Too many wonderful and fabulous things have happened to actually list them all, but the highlights (and lowlights) have been plenty. A lot of sitting in a hot car, listening to random German-sounding radio stations, writing journals with wobbly handwriting, resting our eyes and playing car-related games, staring blankly ahead, lost in thoughts, making mustard sandwiches on bumpy roads that are not even listed on maps, getting stuck in mud, getting lost, getting stuck in sand, getting stuck in small towns called Solitaire or Hardap (which, by the way, means nipple in Nama language) and meeting new friends, all of whom have been photographed with our inflatable giraffe, Fred.

Susanne arrived two weeks into the trip, and we returned Edith and picked up the four-wheel, Imogen, and headed west and then north. We camped at Sossusvlei, and I got to photograph my heart out in Dead Vlei, a strange pan in the middle of the desert with dead tree trunks and lots of orange sand and blue sky. We did extreme sports in Swakopmund, camped in the middle of nowhere in a place with no name (simply mapped out as “Mile 108”) on a windy beach, drove through the remote skeleton coast with nothing but shipwrecks and seals. We saw ancient cave paintings in Twyfelfontein, and crossed the border into Angola illegally (OK, only for a few minutes or so...) after watching the huge, impressive Ruacana falls right by the edge, with no one else around. We introduced the inflatable giraffe to live ones in Etosha National Park and watched a lion pass our car by, non-plussed and magnificent.

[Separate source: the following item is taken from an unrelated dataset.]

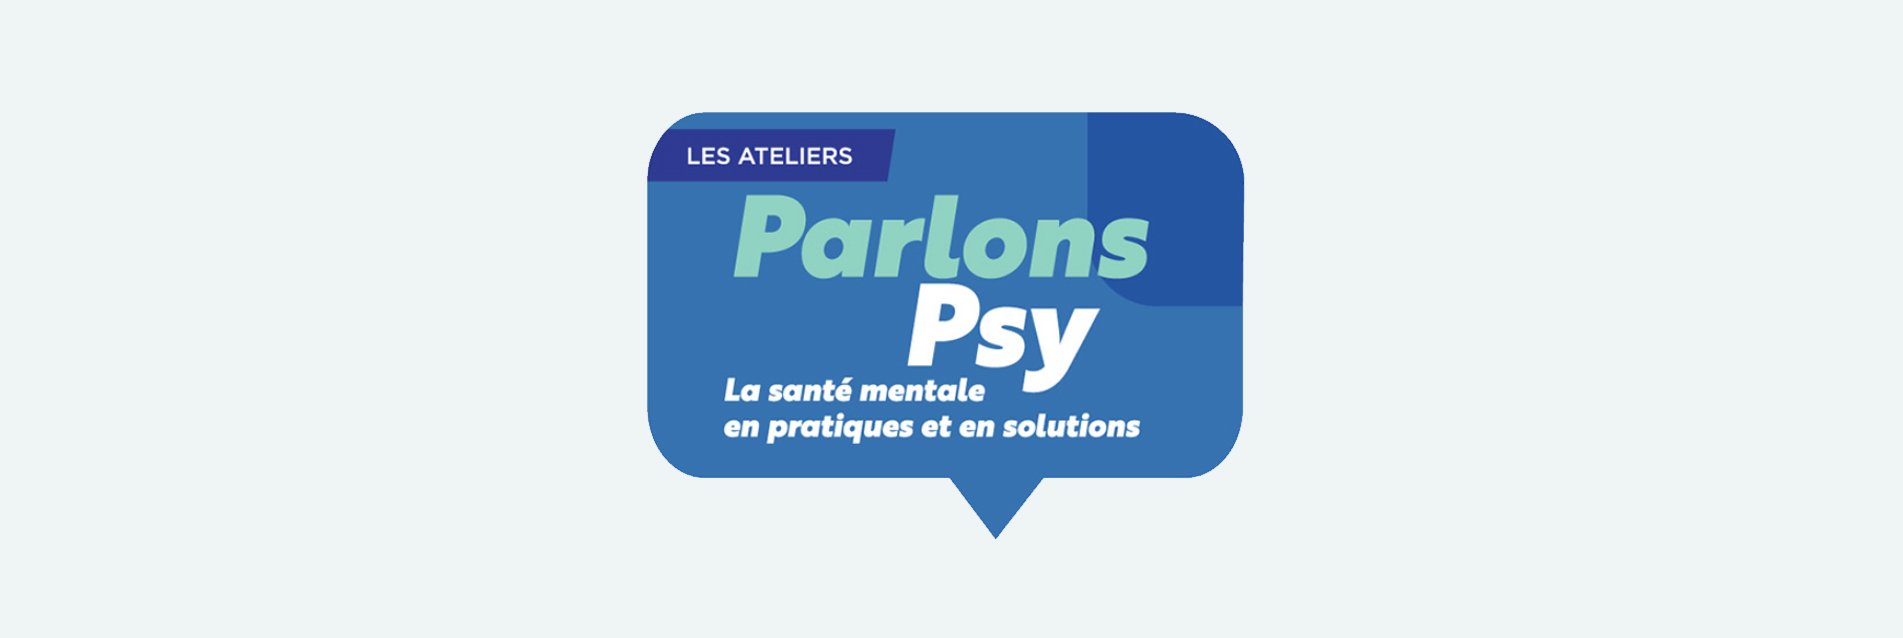 Lancement de PARLONS PSY ! La santé mentale en pratiques et en solutions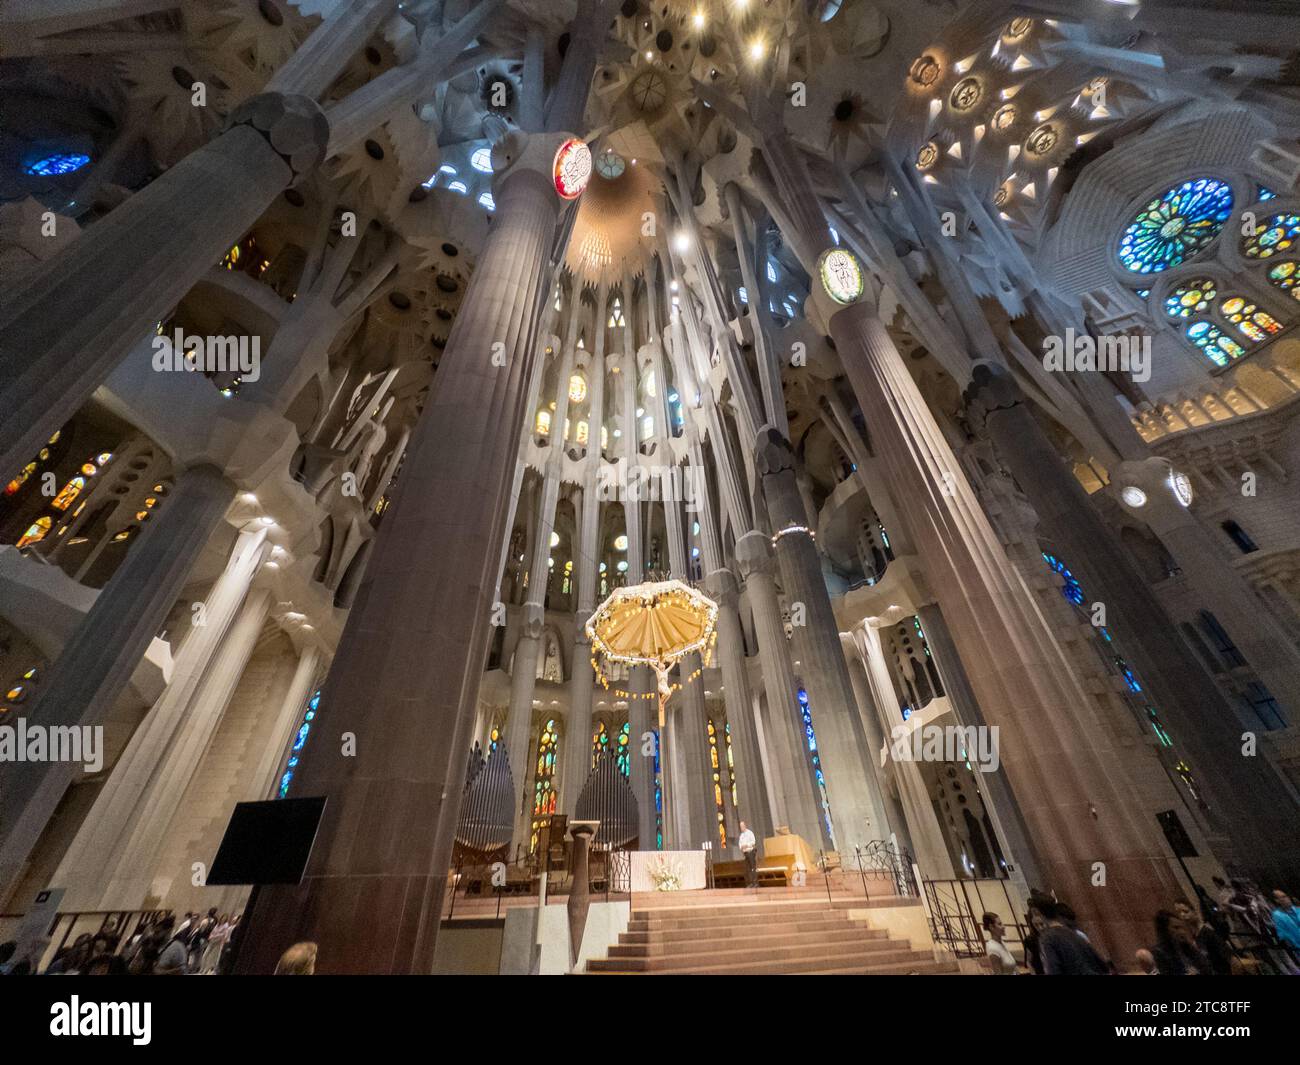 Barcellona, Spagna - 27 agosto 2023: La luce inonda attraverso le vetrate colorate dell'altare della basilica de la Sagrada Familia progettata da Ant Foto Stock

The moment I nearly ripped my lonely planet into tiny pieces- when we drove an entire day to the middle of nowhere to look at “famous hot springs”, the Ai-Ai's- It was the size of a child's paddling pool with a squirt of hot water. Letdown of the year.
The moment when I felt a bit breathless- when we drove from Aus to Luderitz, on an empty road through the desert, with purple mountains in the hazy horizon and wild horses grazing along the side of the road, in a fairytale setting.
The moment when I actually was breathless- when Susanne and I jumped out of an airplane in Swakopmund, into the vast desert, aiming for the circular rainbow below us.
The moment when I couldn't stop laughing- when we stayed at Quiver Tree forest in Keetmanshop, and I rode Fred on a trampoline, in a slightly timburton-ish strange spiky forest, watching a sunset so orange no photo-shopped picture could ever match it.
The oddest thing- watching sunset over the huge Fish River Canyon, drinking a glass of red wine with Hanna, and getting strangely tipsy so that we giggled the whole way to the campsite, and Rich threatened to leave us in the desert for the hyenas.
The scariest moment in Namibia- when we went to the bottle shop in Windhoek on Saturday afternoon and were told we couldn't buy beer until Monday- sales for alcohol closed at 1pm.

The last few nights have been spent in Tsumeb, eating pizza and not doing much else, and back in Usakos, where we returned the tent to Nick. Back here in Windhoek, it feels like the end of something, and a bit sad, although we are all needing our own space now, and heading to different directions- Susanne back home to Finland, Hanna to Mozambique, Rich and I to watch the Kuomboka ceremony in Zambia. But there's still time to get the inflatable giraffe drunk, one more time. There is always time to get an inflatable gay Zambian albino giraffe drunk.

Oh, and what was lost in the desert? Any desire, intention or need to go back to Europe for another 9-5 recruitment job, for over-priced flats, wineglass coasters, dinner parties, queuing, late-train announcements, high heels or office Christmas parties. And so I'm not really coming back, not really, not for longer than I have to- I want to be back in Africa by September/October, and then go somewhere else, anywhere else. It's amazing what a good sunset can do to you.